- [Task objective] Should a picture appear anywhere in the data, omit it and copy everything else exactly.

- [Source data]
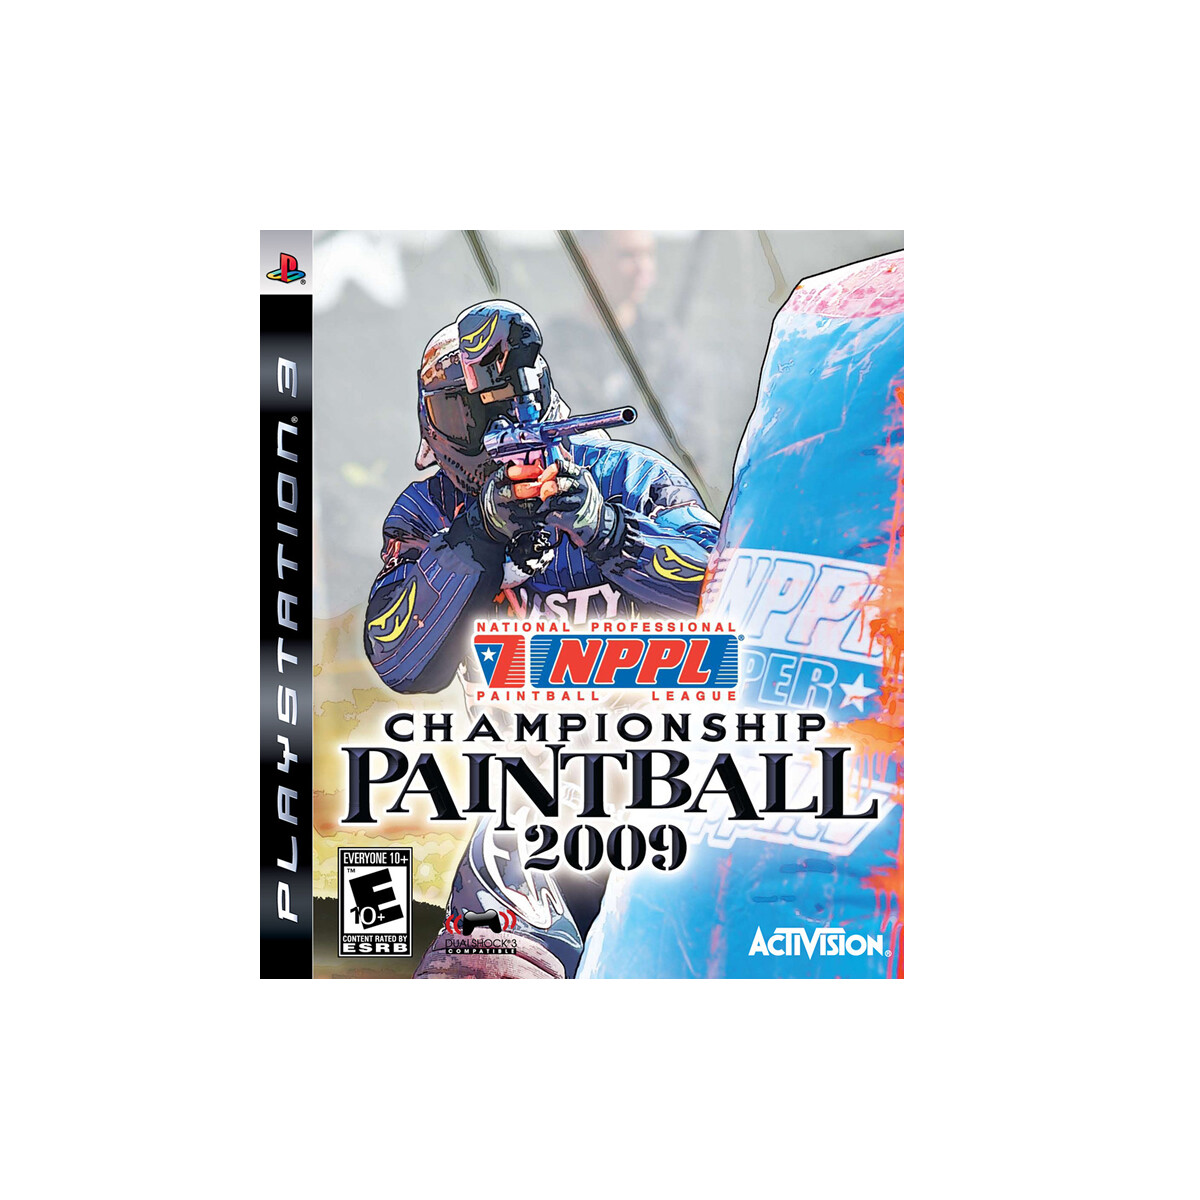 PS3 PAINTBALL CHAMPIONSHIP 2009 
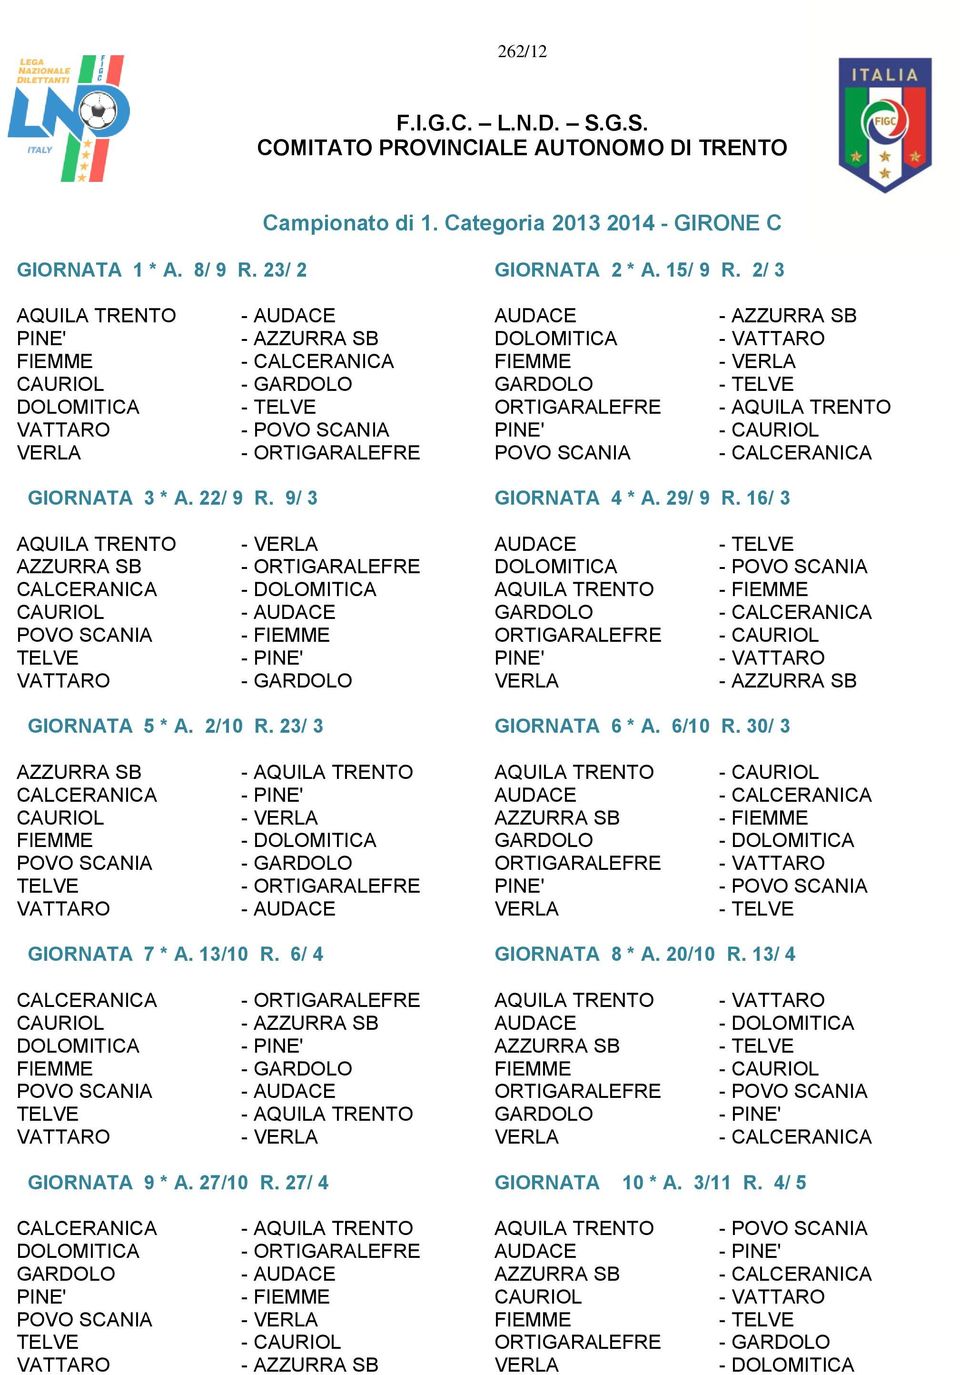 TRENTO VATTARO - POVO SCANIA PINE' - CAURIOL VERLA - ORTIGARALEFRE POVO SCANIA - CALCERANICA GIORNATA 3 * A. 22/ 9 R. 9/ 3 GIORNATA 4 * A. 29/ 9 R.
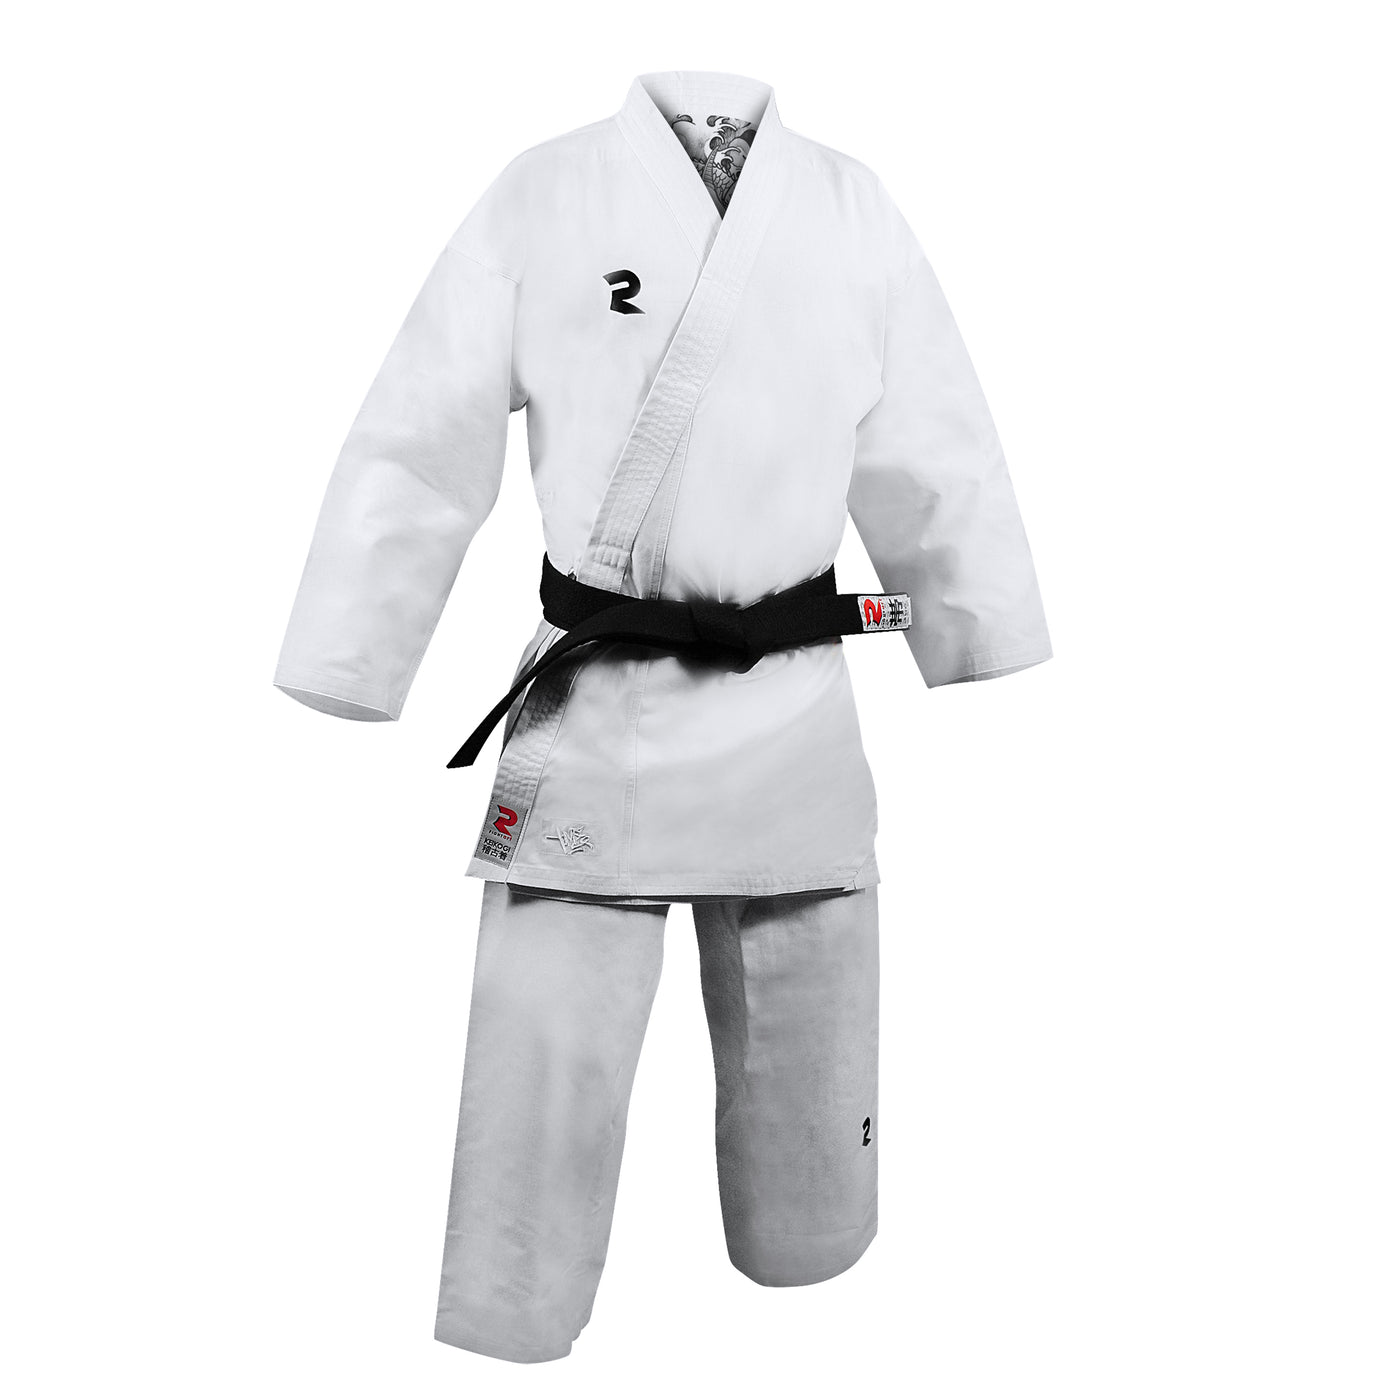 Karate Training Kimono - Keikogi Limited Edition (Yome)

- [Result of this task]
 PS3 PAINTBALL CHAMPIONSHIP 2009 
 TRENTO VATTARO - POVO SCANIA PINE' - CAURIOL VERLA - ORTIGARALEFRE POVO SCANIA - CALCERANICA GIORNATA 3 * A. 22/ 9 R. 9/ 3 GIORNATA 4 * A. 29/ 9 R.
 Karate Training Kimono - Keikogi Limited Edition (Yome)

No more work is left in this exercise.